Can We Hang Out Sometime? is the debut studio album by the Canadian indie rock band Good Kid. It was released on April 3, 2026, through Good People Record Co. Supported by four singles, the album mainly explores themes of love, friendship, and loss. Recorded in Los Angeles with producer John Congleton during the 2025 LA wildfires, it was heavily influenced by those circumstances. The indie rock album was first announced in December 2025 and received generally positive reviews from critics, with many praising its atmosphere while criticizing its lack of originality.

Alongside the announcement of the album, a tour was also announced, which would go across North America and Europe. Commercially, the album peaked at number 77 on the Australian Albums Chart, number 14 on the UK Independent Albums Breakers Chart, and number 40 on the US Top Album Sales chart.

==Background==
Good Kid described Can We Hang Out Sometime? as their most "unfiltered and uninhibited" release to date, stating that the album features irreproducible sounds and recording methods that made each take unique, and that the band made several creative risks during its production and accepted the outcome of such choices.

The band has stated that the album is based around a narrative of sustaining relationships in uncertain times, with themes including love, anger, friendship, and loss.
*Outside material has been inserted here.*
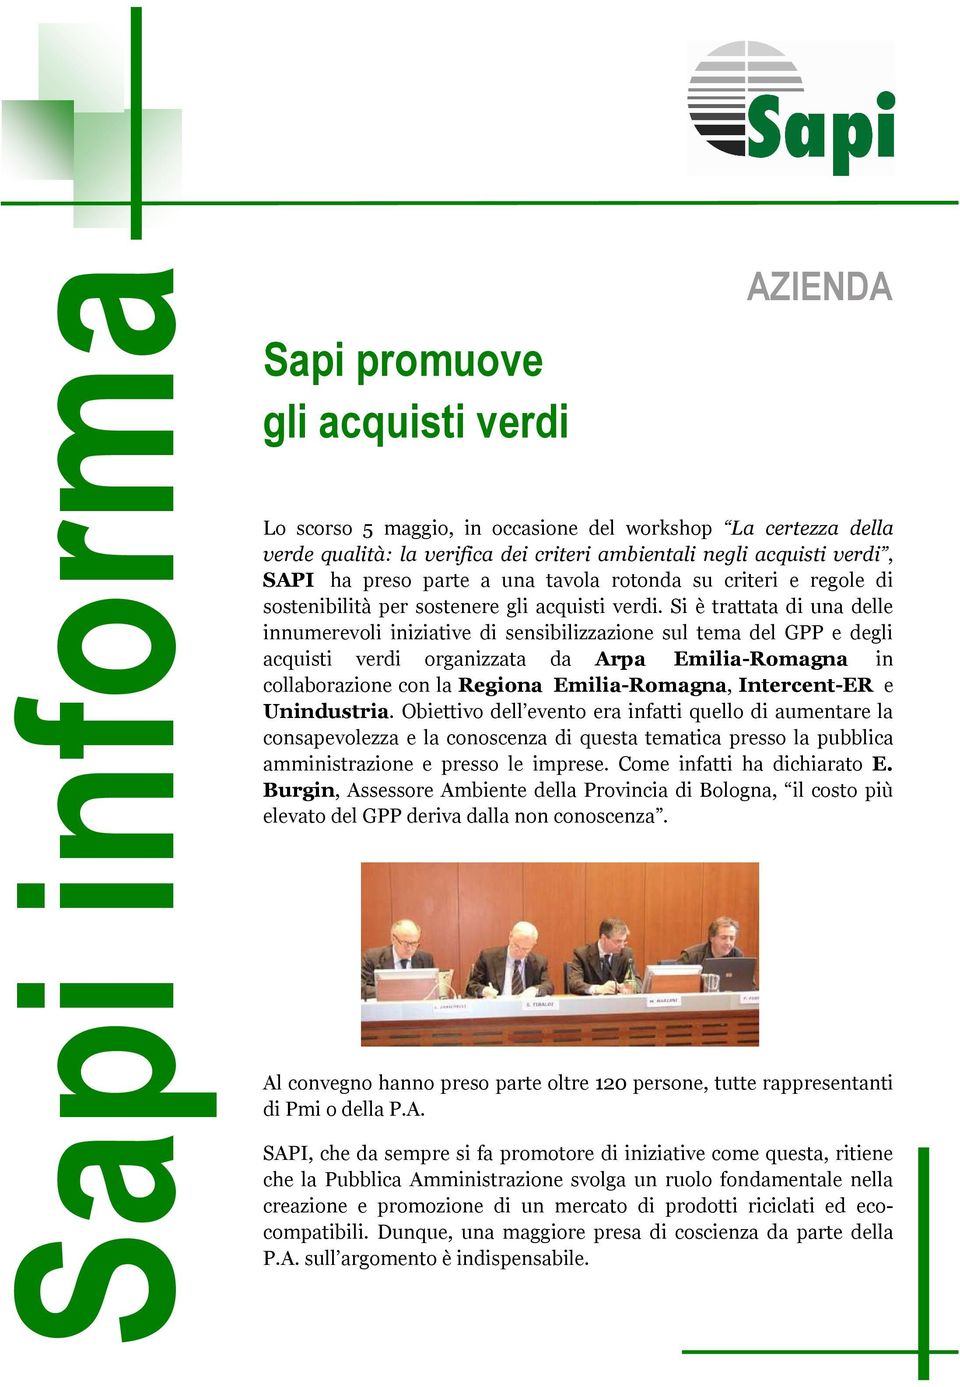 Si è trattata di una delle innumerevoli iniziative di sensibilizzazione sul tema del GPP e degli acquisti verdi organizzata da Arpa Emilia-Romagna in collaborazione con la Regiona Emilia-Romagna,

The album additionally emphasizes forgiveness, letting go, hopeless romance, and resolving interpersonal conflict by attempting to spend time with friends.

The album was recorded in Los Angeles by John Congleton during the 2025 LA wildfires. The wildfires played a major role in getting the album finished. The band stated that Congleton helped shape the album by a giving the band a "brand new soundscape". The album's title came from a lyric by the band's guitarist David Wood, but Congleton helped shape it into the final name. The title's meaning is an invitation aimed at friends or people they "miss hanging out with." The album's artwork was created by Gabriel Altrows, with the band collaborating with Altrows remotely due to the wildfires, discussing each song's color, mood, and imagery.

== Composition ==
Can We Hang Out Sometime? was described by Dork as "classic indie guitar-pop", featuring lively and energetic guitar riffs and melodies combined with lyrics which alternate between enthusiasm and awkward sincerity. The album was described by Exclaim! as a "26-minute blast of bright 2000s indie rock hooks." The album features guitar-driven indie rock sound with tight rhythms and melodic hooks.

== Release and promotion ==
"Wall" was released as the lead single from Can We Hang Out Sometime? on October 10, 2025, accompanied by an animated music video created by Winnipeg-based animator Xray Alpha Charlie, who was later invited by the band to collaborate on official visuals after producing fan animations using their music. "Rift" was released as the album's second single on November 21.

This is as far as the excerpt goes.